Tanzanian birthday parties typically follow a pattern, eat, drink, eat some more, drink some more, feed each other birthday cake, make a speech about the birthday person, talk some more and then go home. So sure enough, we eat samosas, chapate, and other snacks, drank fanta, ate some more and drank some more. Then the birthday cake came out and DC, the birthday boy, cut it into smallish pieces and got ready for the feeding – the most awkward part of any birthday here. I got ready, keep in mind I met this person maybe 2 hours earlier, and it comes to be my turn. So he takes a toothpick and a piece of cake and we get awkwardly close and he feeds me a piece of cake. Meanwhile this whole time there is a dude on the other side of the table taking pictures of me the entire time we are there. Every time I look up he had the came pointed at me and is smiling. Well my cake experience is done for this birthday – phew. We finally do some introductions, I have been sitting at a table of all guys for 2 ours and none of them talked to me and I didn’t talk to any of them. Turns out I am the first “person like me” that they ever met. I was also the only girl. Even though I didn’t talk to them the entire time, they were definitely talking about me in Swahili because they were quite obvious about looking at me while talking. Towards the end, DC wanted to show us his hens. I was like what? You have chickens, ok. Yeah no he has hundreds of chickens. He had a pen for the older chickens and then a pen for the baby chicks, there were literally hundreds. My favorite chickens are the ones with their neck feathers missing because they got into fights, they look so funny! DC walked Erasto and me to the dala stop and somehow I ended up with the rest of the birthday cake. On the last dala, we were smushed in the bus and a baby next to me was staring at me. Erasto leaned in to me and whispered, "He must be thinking 'It's an angel'." That might have been the best line of the evening. We got home and my community mates continued to tease me about the evening as we enjoyed the rest of the cake,

Also a quick update on everything else. My one student crush-er has turned into three - that I know of. Samson and Claus have joined the ranks and opt to sit with me outside instead of playing football with everybody else.
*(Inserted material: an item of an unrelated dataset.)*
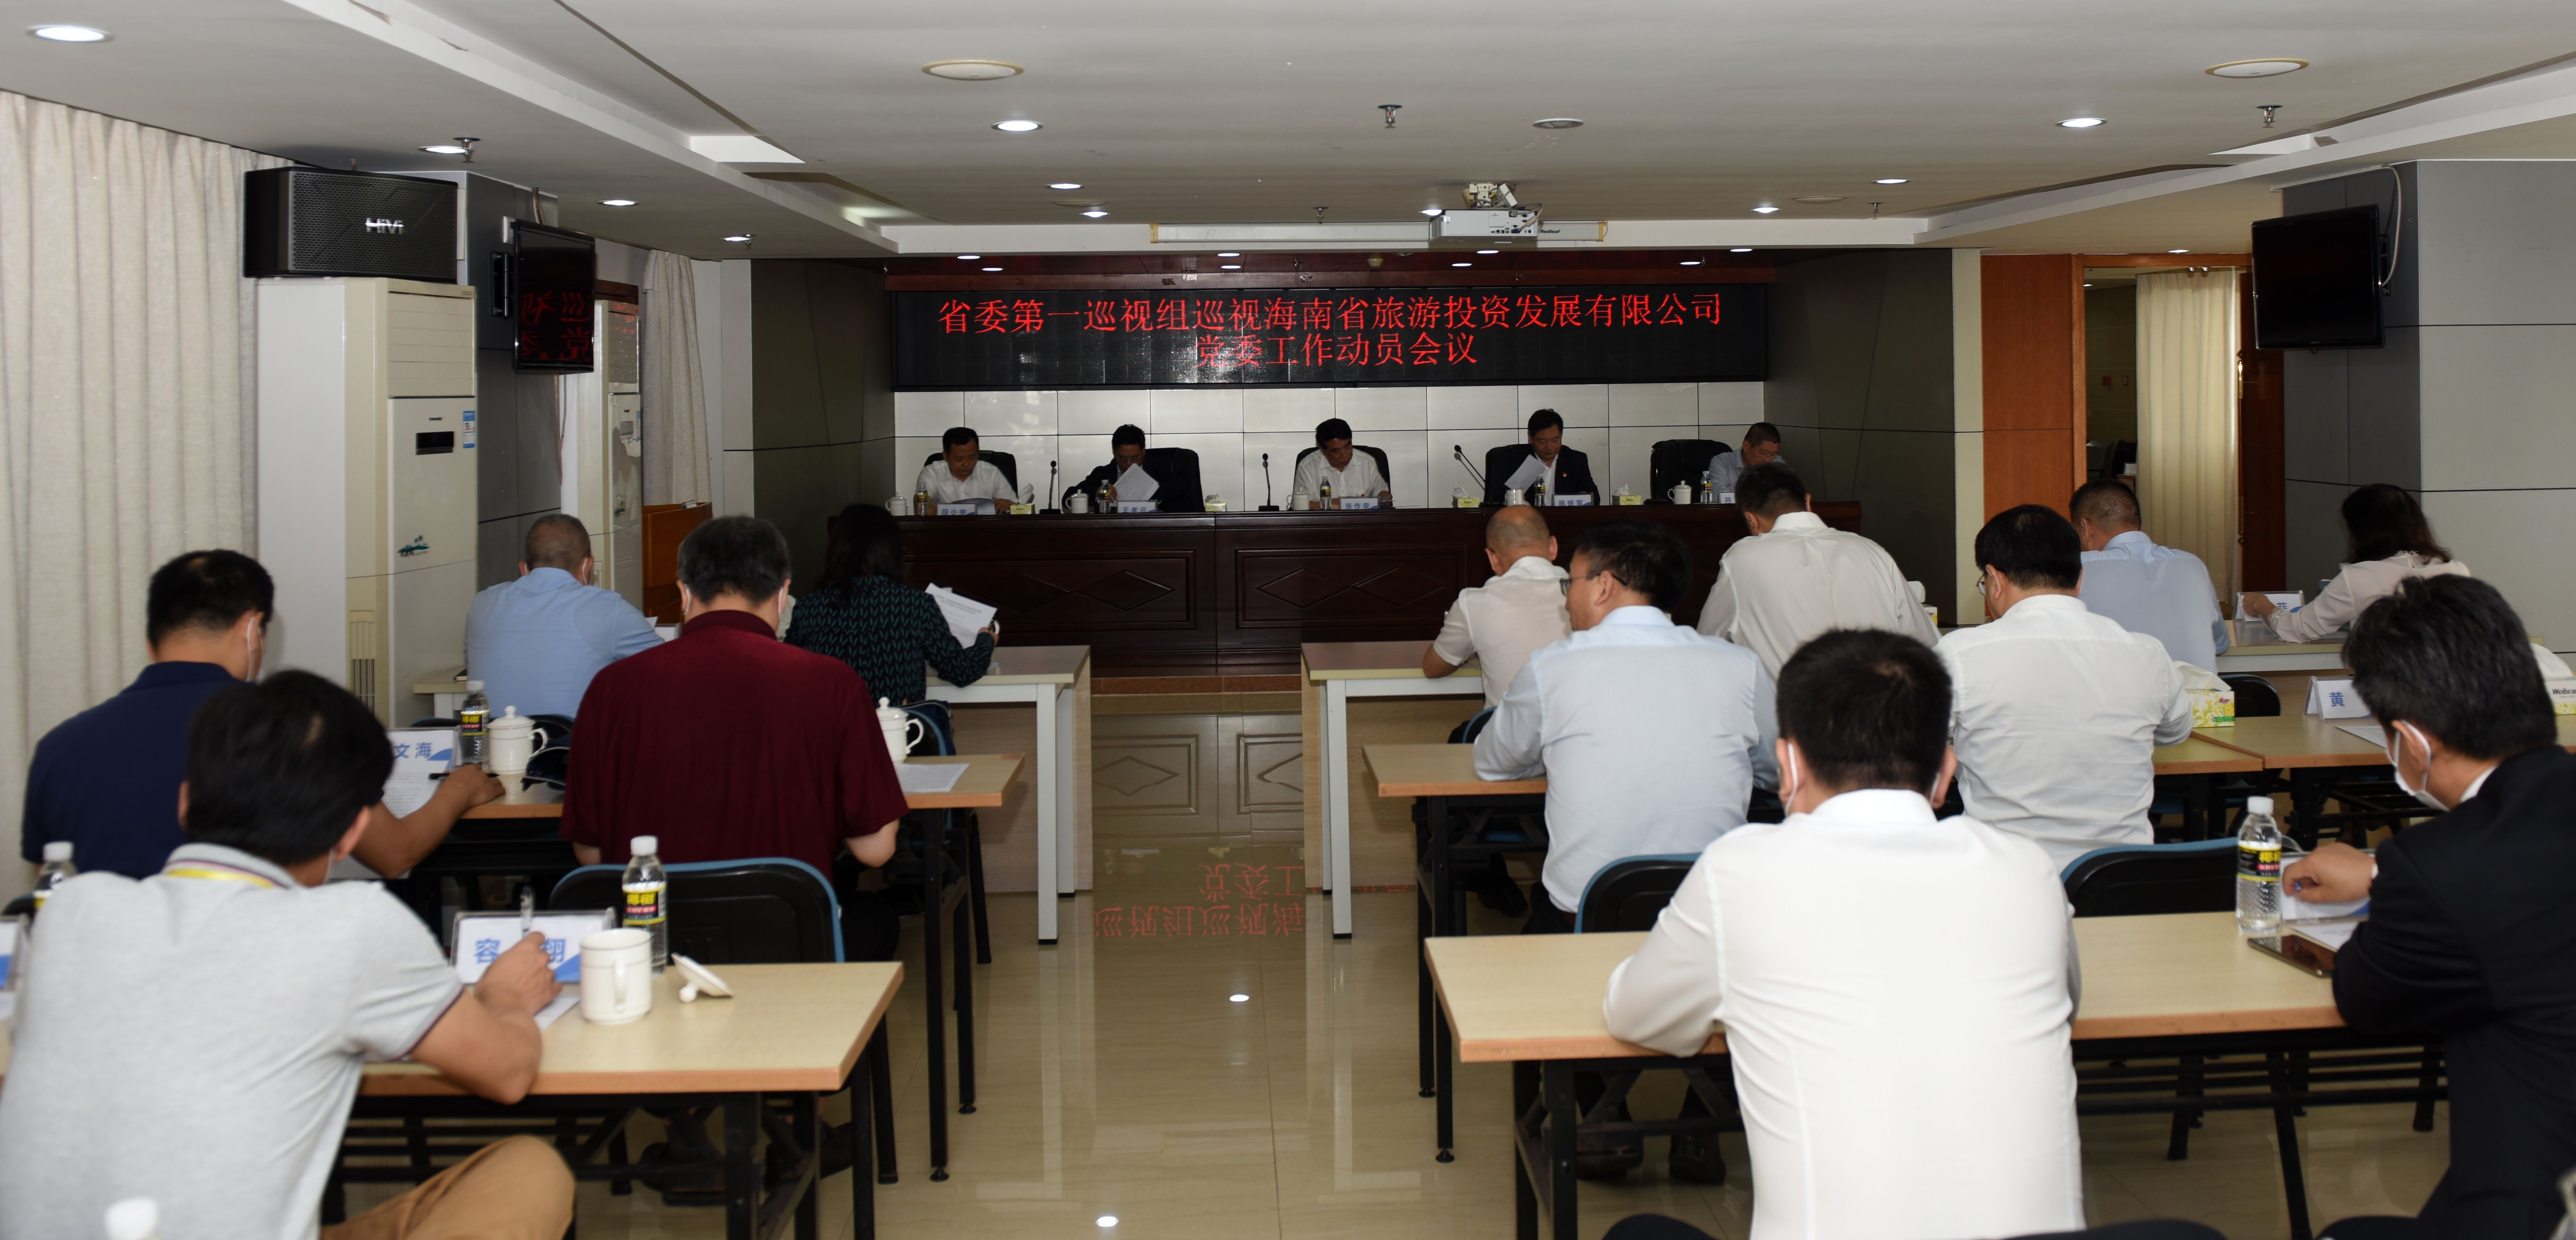 重庆大学召开落实中央第七巡视组巡视反馈意见整改工作动员会-重庆大学信息公开

I have also come to the conclusion that David is Napoleon Dynamite. They dance exactly the same way. I caught David doing a Michael Jackson impression the other day, he was totally in his own world. I wrote in a Valentine post-it I gave him in class that he dances really well. He came up to me and asked me if I meant it. I said of course! He was so happy that he did some more dance moves right there in class. Today he made a cell phone out of a piece of paper and was talking on it all day long, creativity at its finest in Tanzania.